Extradition lawyer Alex Carlile is convinced the stand-off will only end one way.

"I am sure that in due course he will be told to leave the embassy. He will then be arrested," he said.

"He will probably be refused bail because he has made this attempt to escape.

"He will then be extradited to Sweden because he has exhausted all his remedies here and the Swedish courts will then have to decide whether he is given bail or remains in custody in Sweden."

 

Mr Assange's backers may have been caught by surprise by his bid for asylum, but those who have spoken publicly have reiterated their support.

Author Phillip Knightley may lose more than $30,000 in bail if Mr Assange is rearrested, but says he understands why his friend chose to do it.

"He is a victim of a flawed judicial system in Britain and Sweden. He is the victim, I think, of persecution," he said.

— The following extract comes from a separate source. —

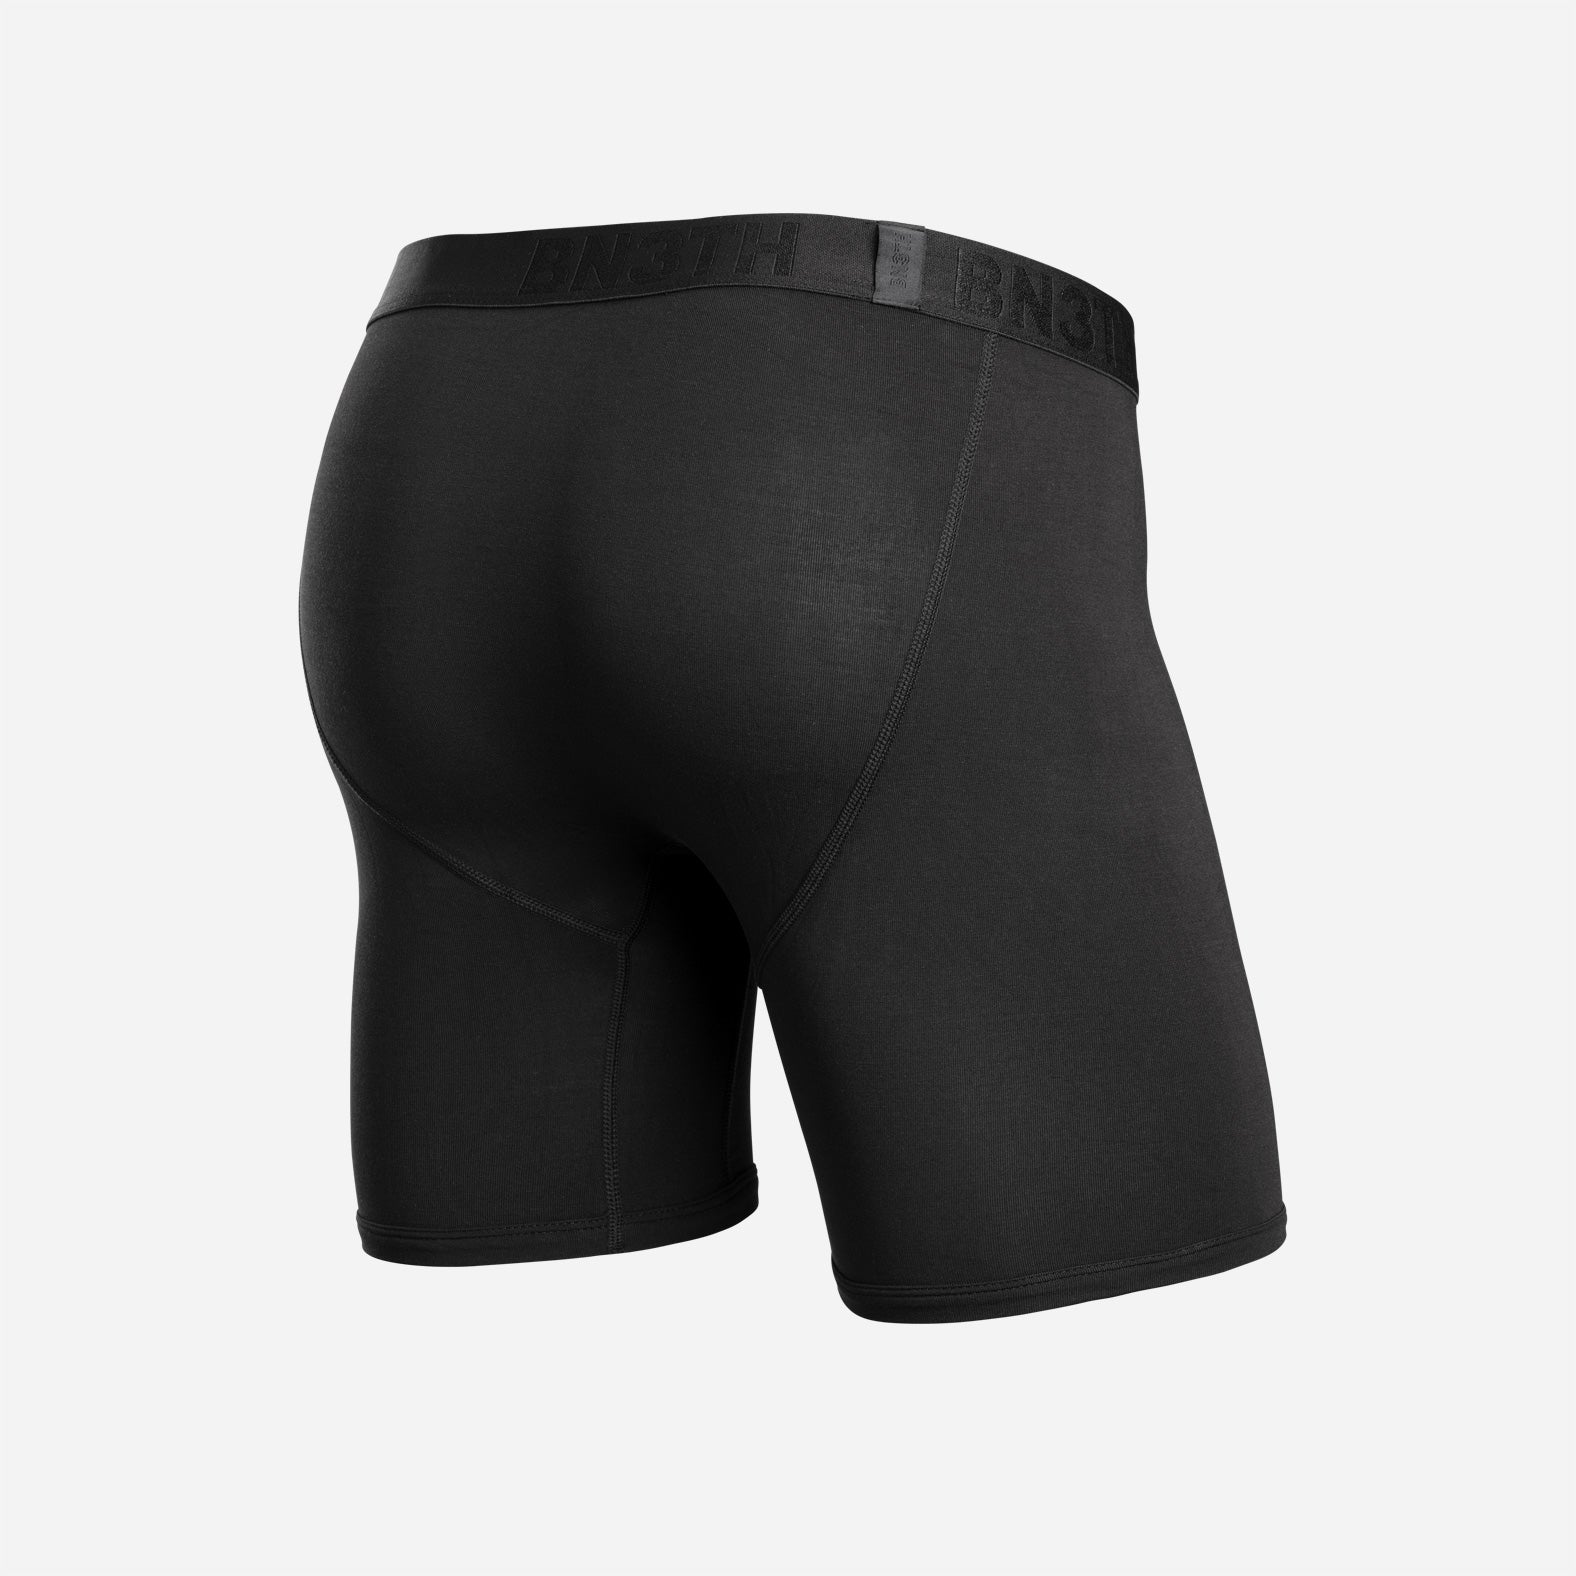 BN3TH brings comfort, sustainability to men's underwear for golfers

"I think there was a hidden agenda through the whole of his arrest for sexual charges and I feel that he did the only possible thing to avoid a long term in a US jail."

Another friend, Australian human rights lawyer Jennifer Robinson, says he chose Ecuador because of welcoming signs given by the country's leaders.

And she said the decision was not made in the heat of the moment and he had also received offers from Tunisia.

"This is not an act of desperation. This is a person who has sought to exercise his right to seek refugee status and seek political asylum," she said.

Barrister Helena Kennedy is an expert in human rights law who has advised the Assange team in the past.

She believes this is a bid to get guarantees from Sweden.

"I suspect that one would be asking the Swedish authorities to give an undertaking that they are required in international law, [to ensure that] a country to which a person has surrendered should only deal with him on the offences for which he has been surrendered, and that the moment it is finished, he should be allowed to exit that country," she said.

Ms Kennedy said she believed that if Sweden offered that promise, the Ecuadorians would let Mr Assange leave.

Australian Foreign Minister Bob Carr has dismissed the Assange camp's claims that he could face extradition to the US.

"There has been no hint of an American interest in doing this," he said.

"In theory it could not be ruled out, but it just strikes me as curious that if the Americans wanted to extradite him they would have every opportunity to extradite him from the United Kingdom, where he's been for some years.

"There's an extradition treaty, I understand, between the United States and the United Kingdom. And indeed there's some legal advice that it would be easier for America to do it with the United Kingdom than with the government of Sweden."